Not sure how you will feel about this but, when we were down at Reelfoot TN they were snagging carp at the spillway. It seems that this is an acceptable practice in TN and a guy that works for the state told me the lake is getting over populated with them and they encourage it! He was going around and killing any that were caught and tossing them back dead to feed the catfish in the river and spillway. There were atleast 4 I saw in the 30 pound or higher range just laying there dead (or dying) on the bank. I really did not know what to say - I have never seen anything like it?!?!?! He told me they are considered a "trash" fish adn get no love at all.

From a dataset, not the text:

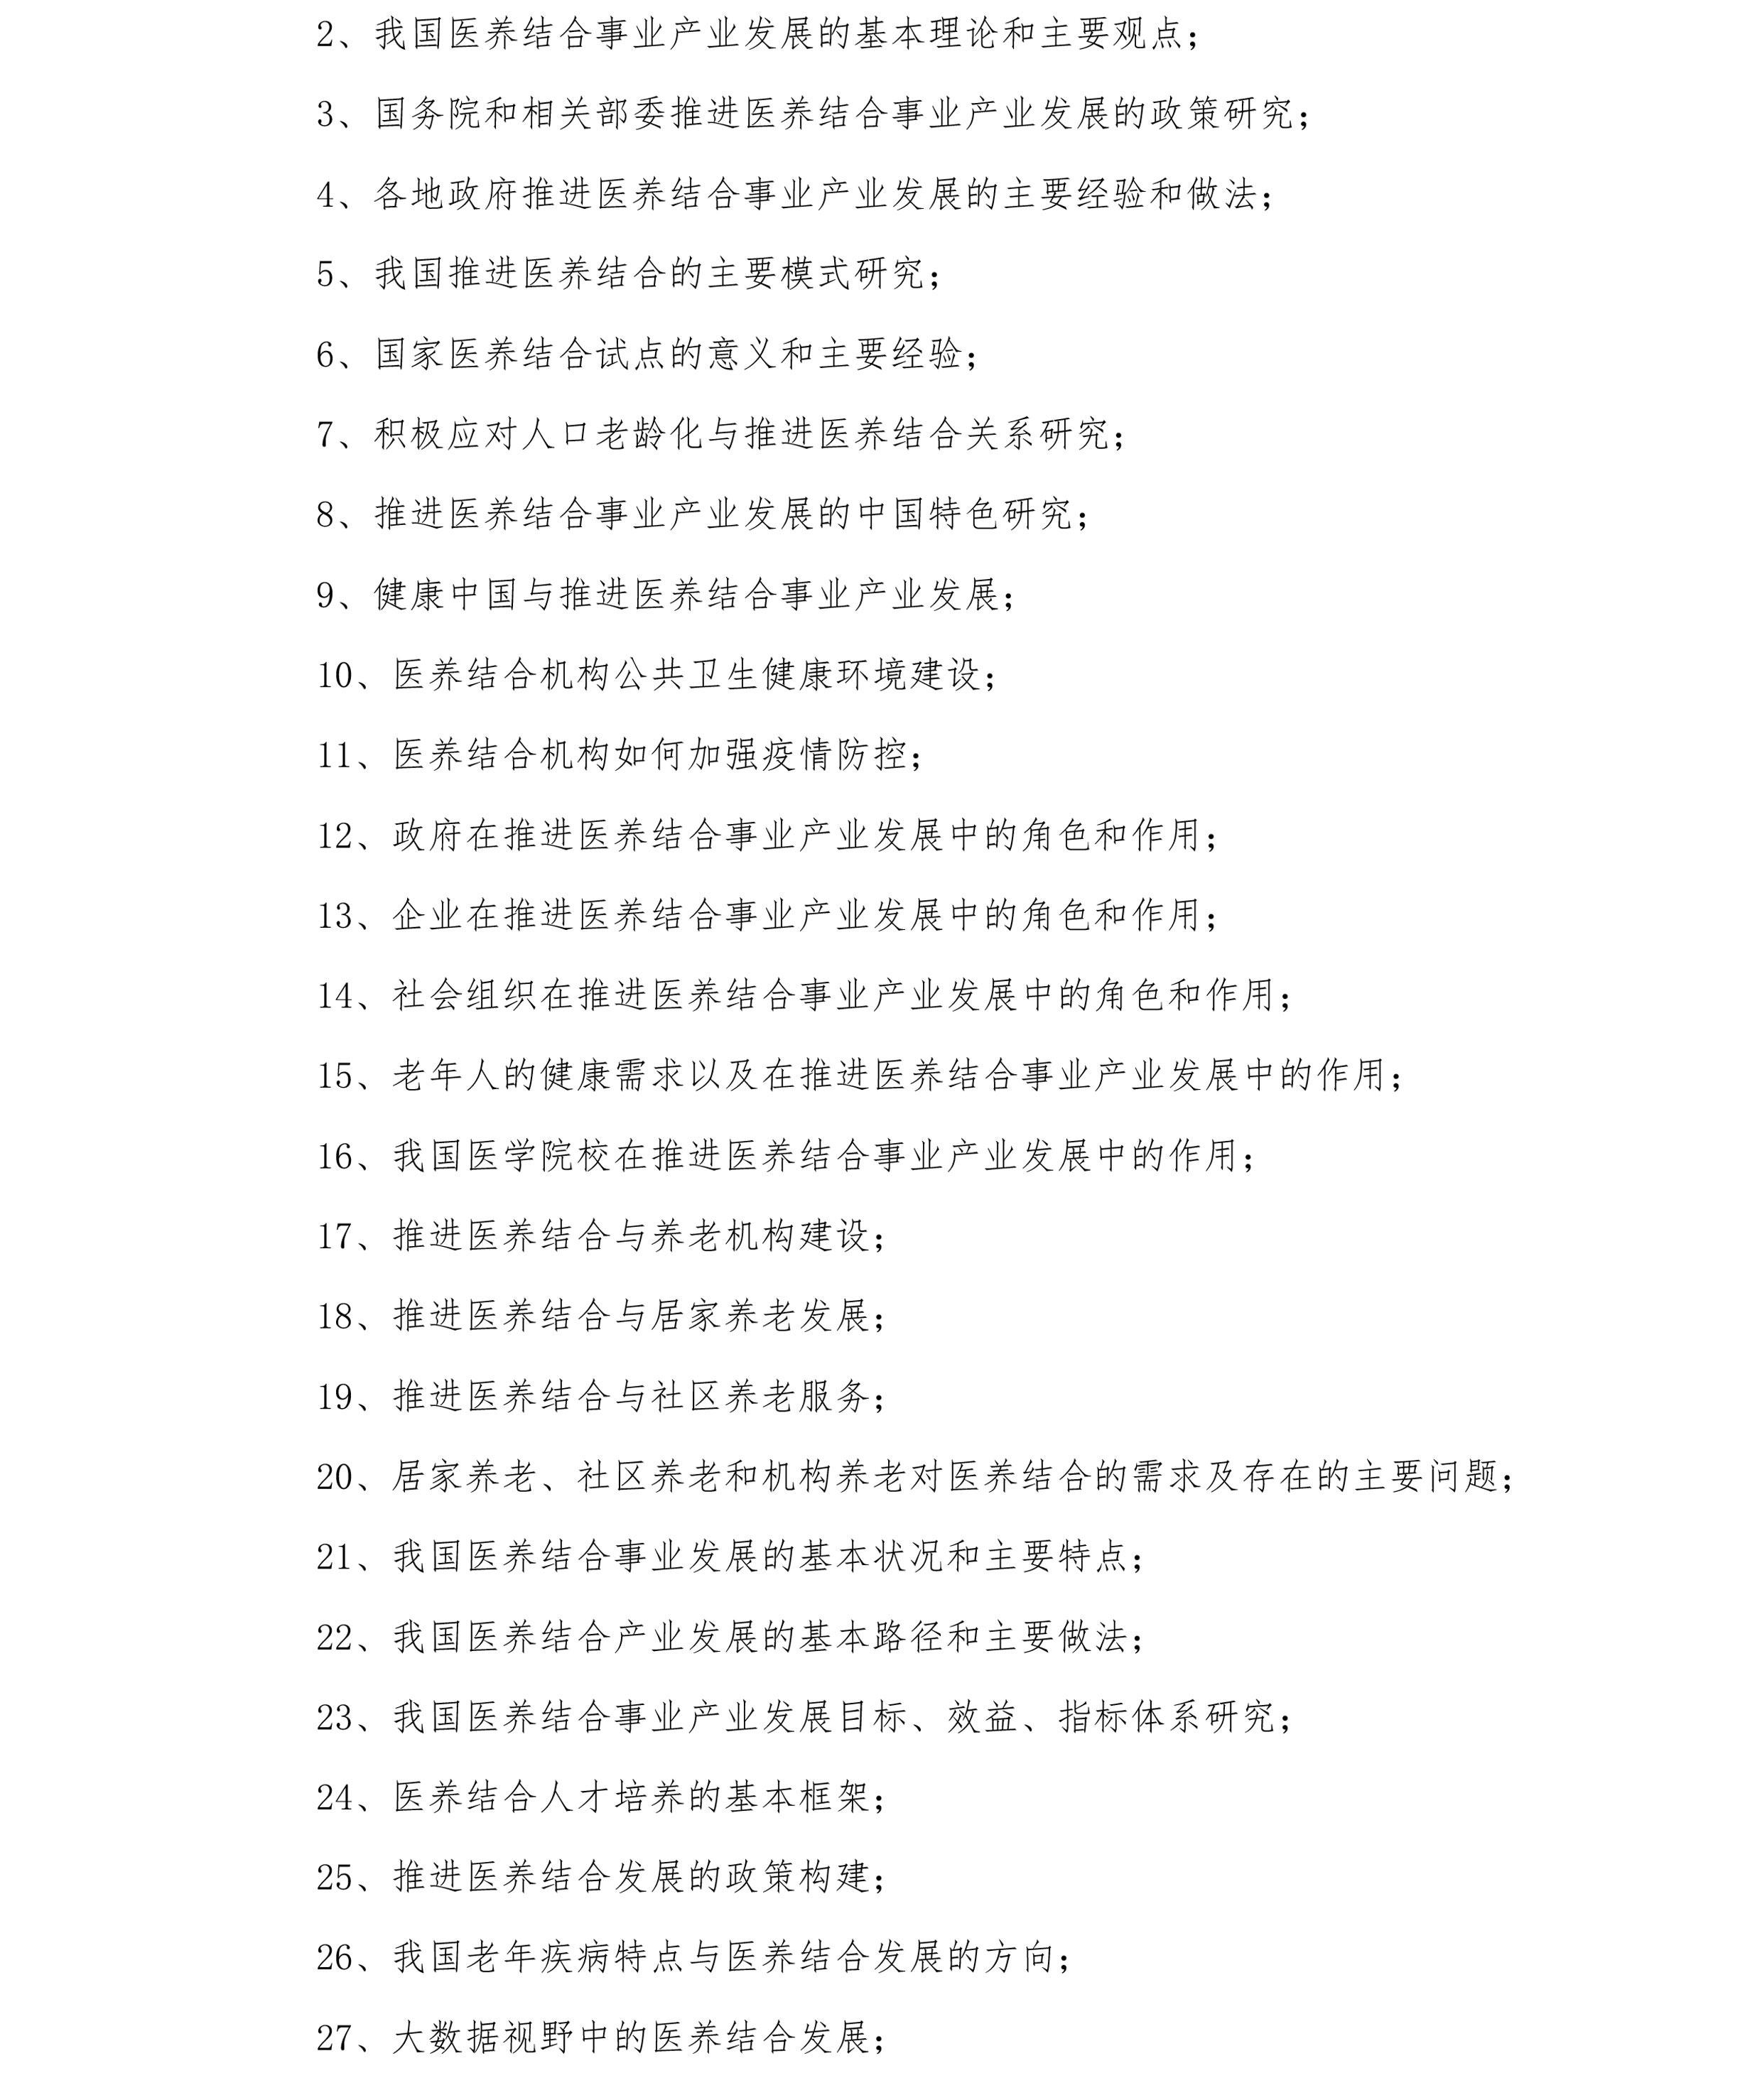 5号文件2.jpg
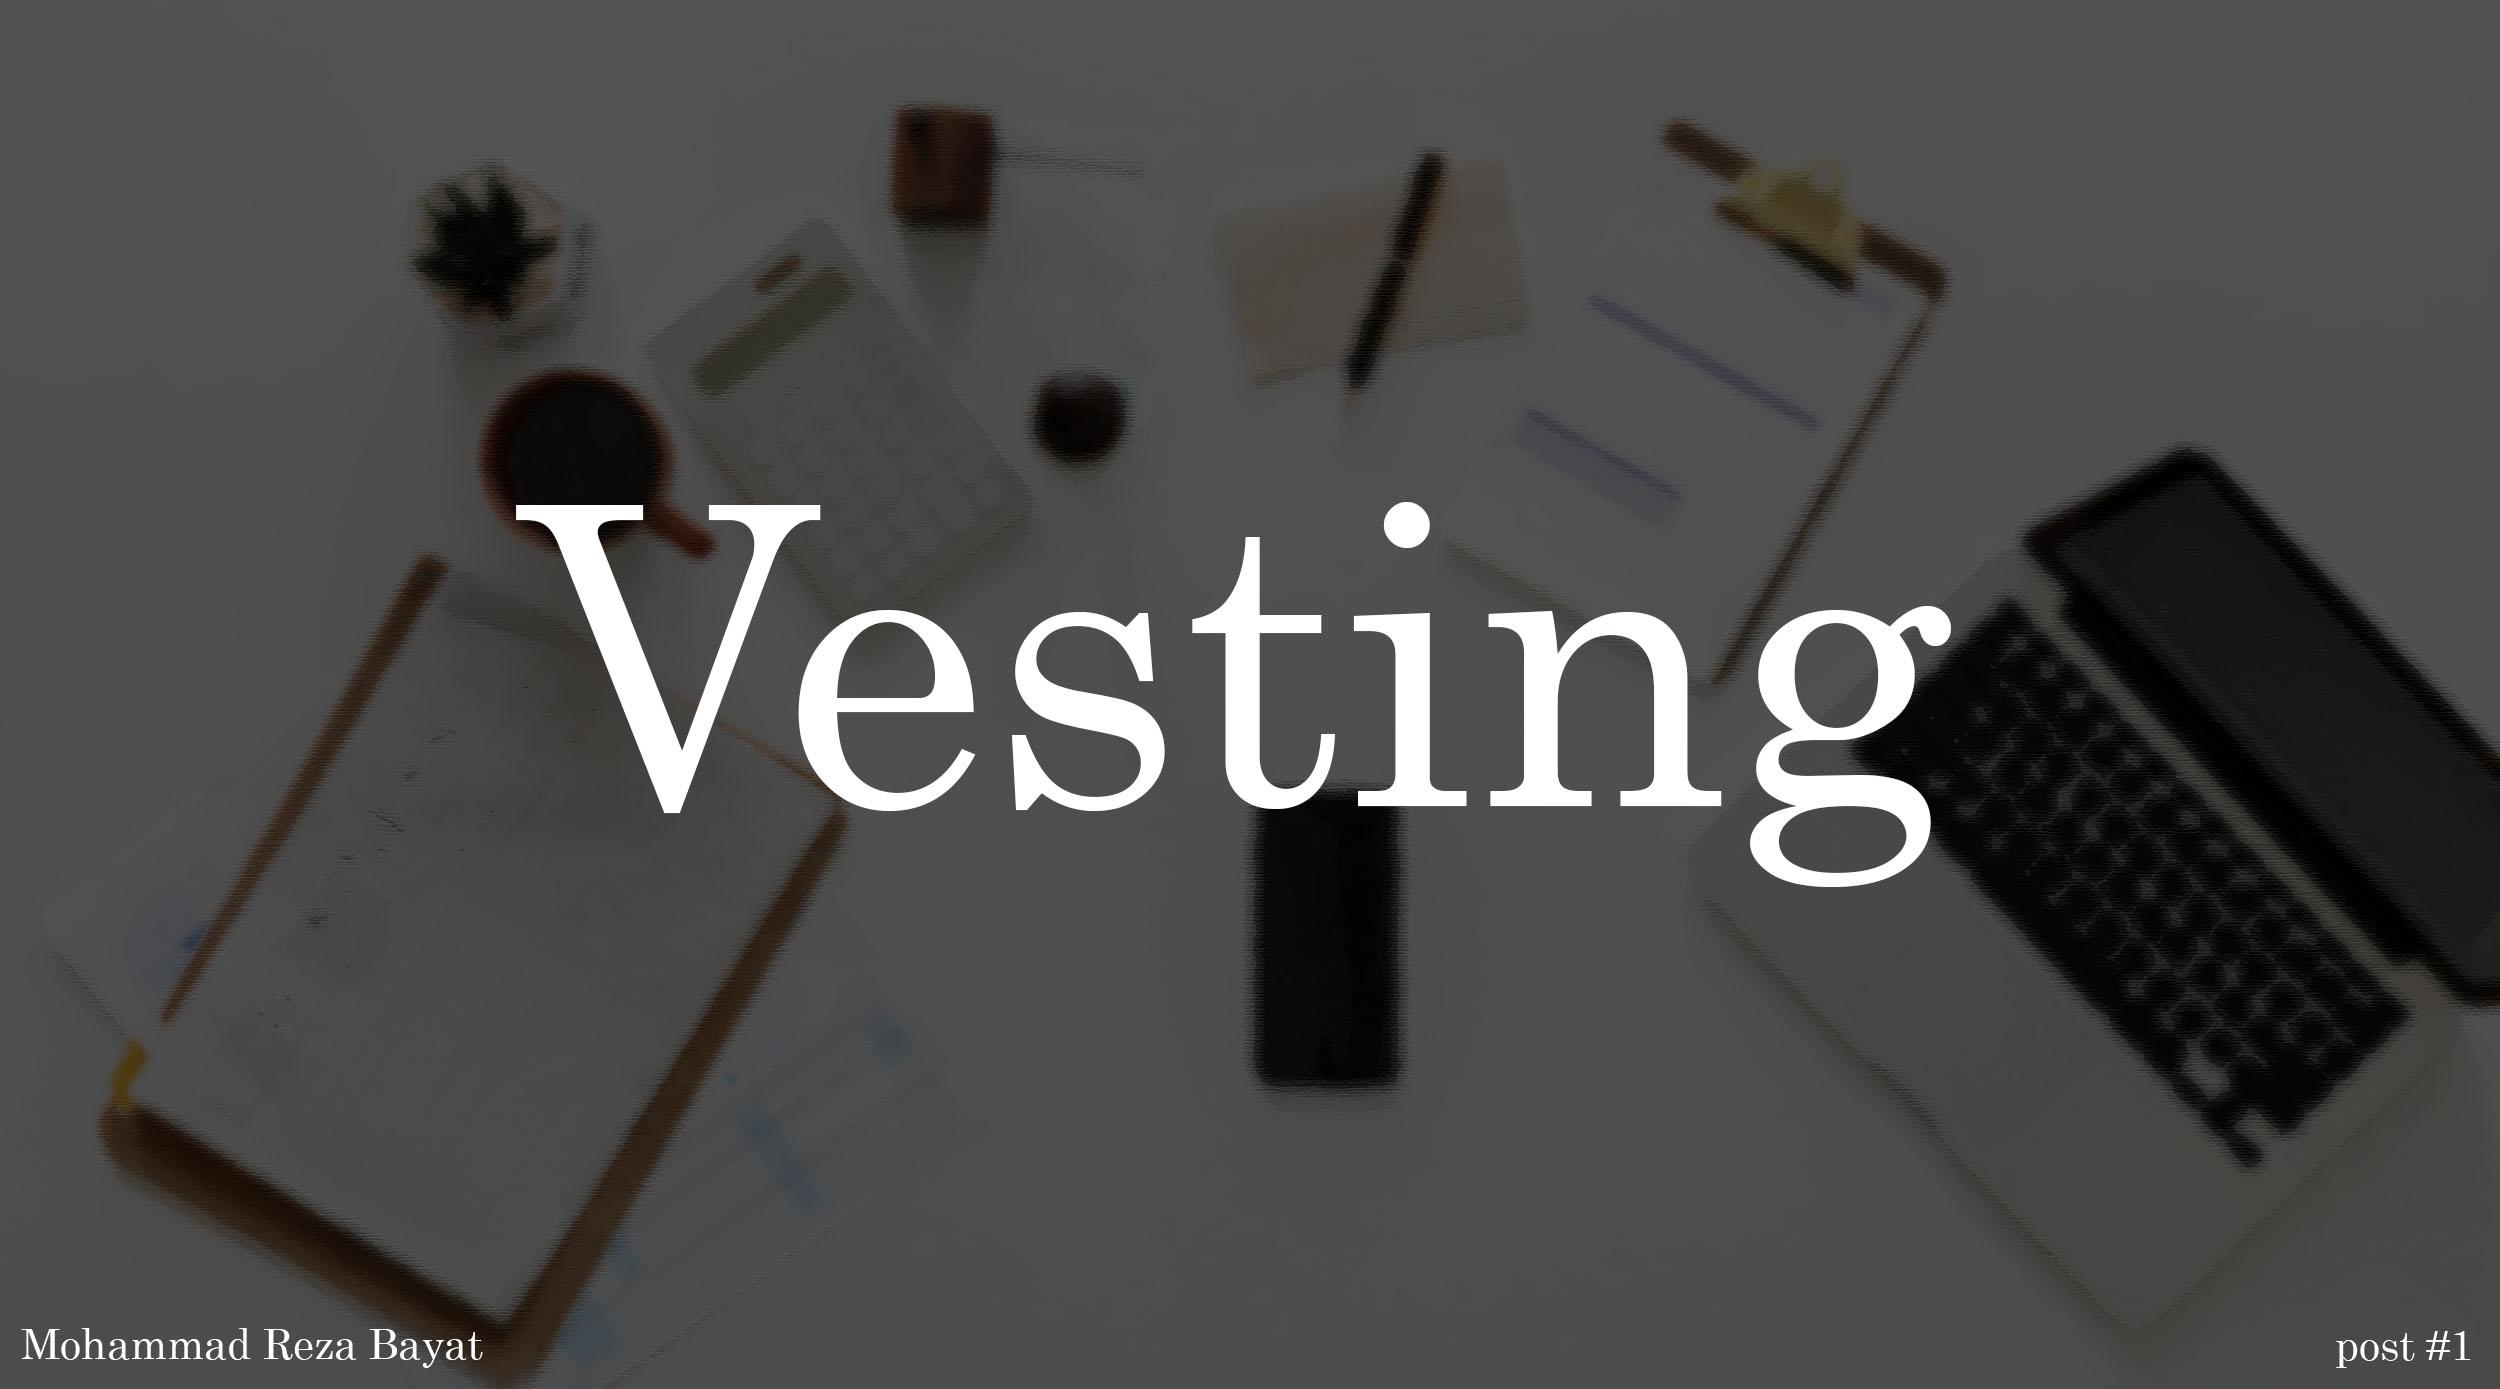 موضوع اعطای سهام (Vesting) در قراردادهای سرمایه گذاری خطرپذیر

This is one and that is my size 10.5 shoe beside it......


----------



## Salmonid (Apr 14, 2004)

Oh, that is a "bighead" carp I believe or sometimes called an asian carp, one of the nuisance species that is working its way up the Mississippi river drainage, yes, they are quite bad and should immediately be "dispatched" when taken, that is a DNR consensus across the US. 

Salmonid


----------



## H2O Mellon (Apr 5, 2004)

Not good..... TN can keep those! Cammon Carp are fine, but those Big Head/Asian carp are bad news.


----------



## squid_1 (Jun 2, 2005)

I want to shoot asian carp with a shotgun from a boat kinda like sporting clays. Whats the closest place one can go to do this?


----------



## dKilla (May 1, 2007)

off em! off em all!!!


----------



## madcrappiekids (Mar 11, 2006)

well, i guess it's not as bad then, at the time I was kind of wondering why they would encourage this. Guess if they are bad news then we should get rid of them. Feel better about it now.....


----------



## BuckeyeFishinNut (Feb 8, 2005)

Bighead carp are cool but bad news for boaters. Boats spook them and cause them to jump out of the water many feet and can injure boaters. I am not in favor of killing anything just because, but these fish need to managed.

Jake


----------



## pendog66 (Mar 23, 2005)

they are a good ferlizer so catch one and kill them


----------



## racin j (Jun 26, 2005)

BuckeyeFishinNut said:


> Bighead carp are cool but bad news for boaters. Boats spook them and cause them to jump out of the water many feet and can injure boaters. I am not in favor of killing anything just because, but these fish need to managed.
> 
> Jake


Bigheads don't jump out of the water, Silvers jump out of the water. Both fish look a lot alike but lucky for boaters the silvers don't get quite as big as the bighead carp. Best way to TRY and manage these kinds of fish is snagging, commercial fishing and my favorite bowfishing. Just like the common carp and many other none native fish they are here to stay! 
!%


----------